BiocBuildDB is an R package that provides tools for managing and querying a database of Bioconductor build reports. These reports contain information about the build status of Bioconductor packages across different platforms and R versions.

Data flow

Each day, the Bioconductor build reports are processed to generate structured tables of build results. These tables are stacked to generate a longitudinal record of build results available as parquet files. The data flow for the entire process is outlined in the diagram below.

flowchart TD
    %% =========================
    %% Phase A: Daily extraction
    %% =========================
    A[Bioconductor<br/>Daily Build Reports]
        -->|daily| B[Parse & Normalize<br/>Build Metadata]

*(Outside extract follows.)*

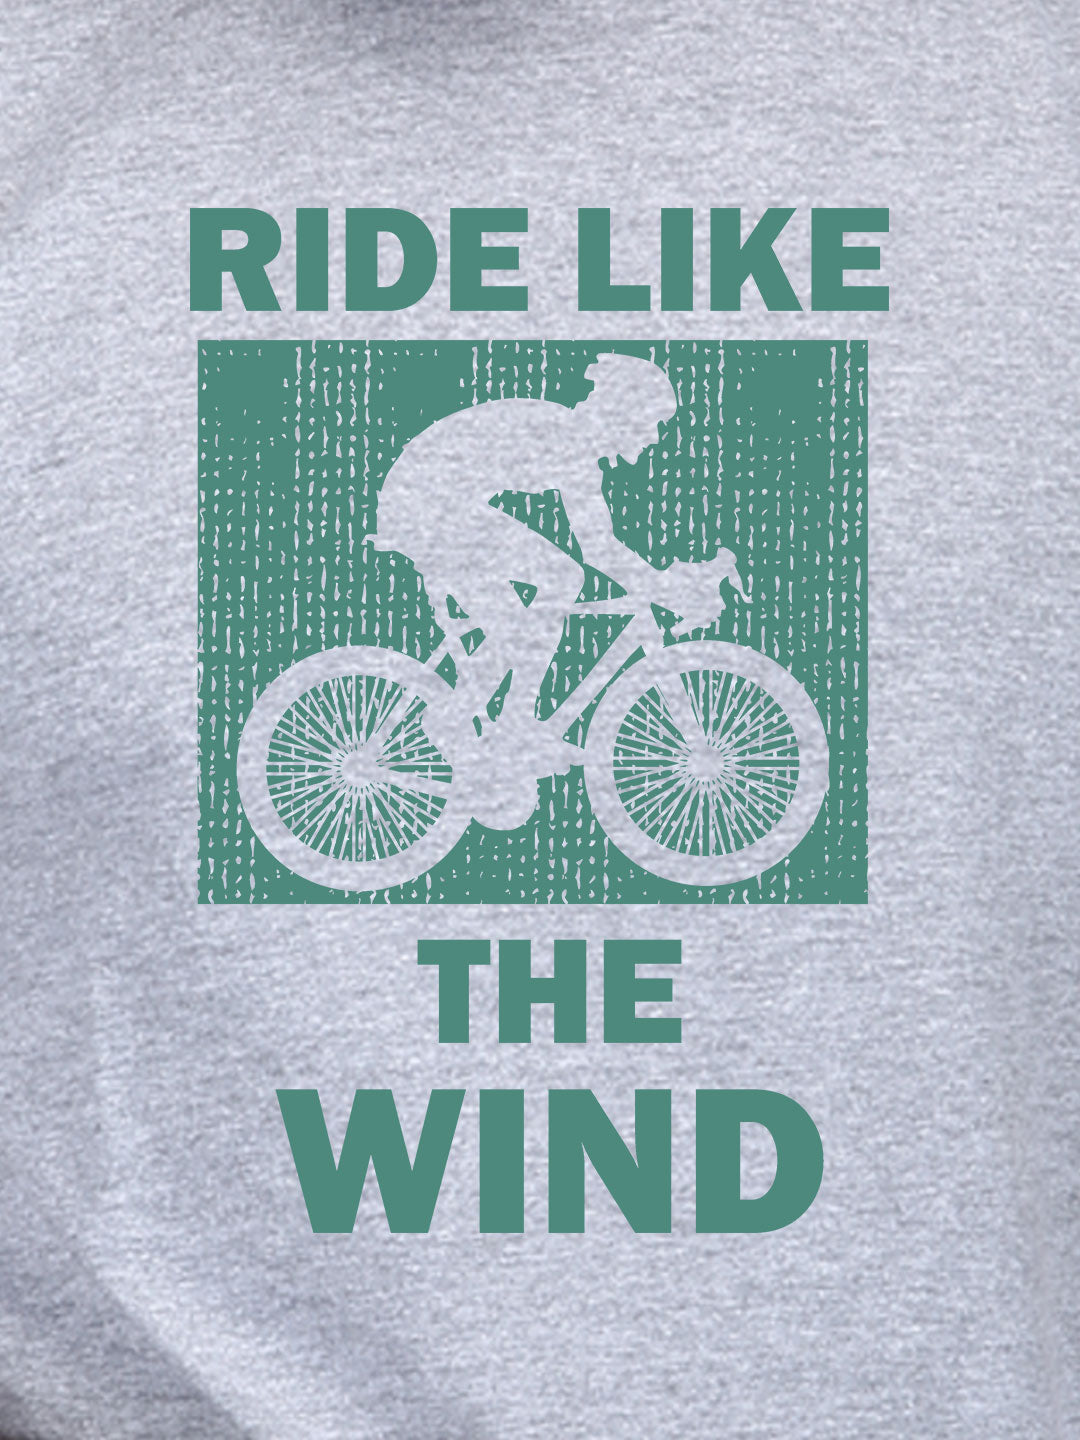 Ride Like The Wind - Premium Round Neck Cotton Tees for Men - Grey Melange

    B -->|md5 hashed<br/>by build report| C1[info.csv]
    B -->|md5 hashed<br/>by build report| C2[build_summary.csv]
    B -->|md5 hashed<br/>by build report| C3[propagation_status.csv]

    %% =========================
    %% Phase B: Longitudinal stacking
    %% =========================
    C1 -->|append new report| D1[info.parquet<br/>partitioned by date]
    C2 -->|append new report| D2[build_summary.parquet<br/>partitioned by date]
    C3 -->|append new report| D3[propagation_status.parquet<br/>partitioned by date]

    %% =========================
    %% Storage layer
    %% =========================
    D1 --> E[(Object Storage\nS3 / GCS)]
    D2 --> E
    D3 --> E

    %% =========================
    %% Storage layer
    %% =========================
    E -->|Usage| U[BiocBuildDB R Package]
    E -->|Usage| DASH[Third party dashboards]
    E -->|Usage| ANALYSIS[Analytics]


    %% =========================
    %% Styling
    %% =========================
    classDef source fill:#eef,stroke:#446;
    classDef daily fill:#efe,stroke:#484;
    classDef parquet fill:#ffe,stroke:#aa4;
    classDef storage fill:#fdf6e3,stroke:#b58900;

    class A source;
    class C1,C2,C3 daily;
    class D1,D2,D3 parquet;
    class E storage;

Installation

You can install the development version of BiocBuildDB from GitHub with:

# install.packages("BiocManager")
BiocManager("seandavi/BiocBuildDB")

Basic Usage

See the vignettes for detailed examples on how to use BiocBuildDB to query and analyze Bioconductor build reports.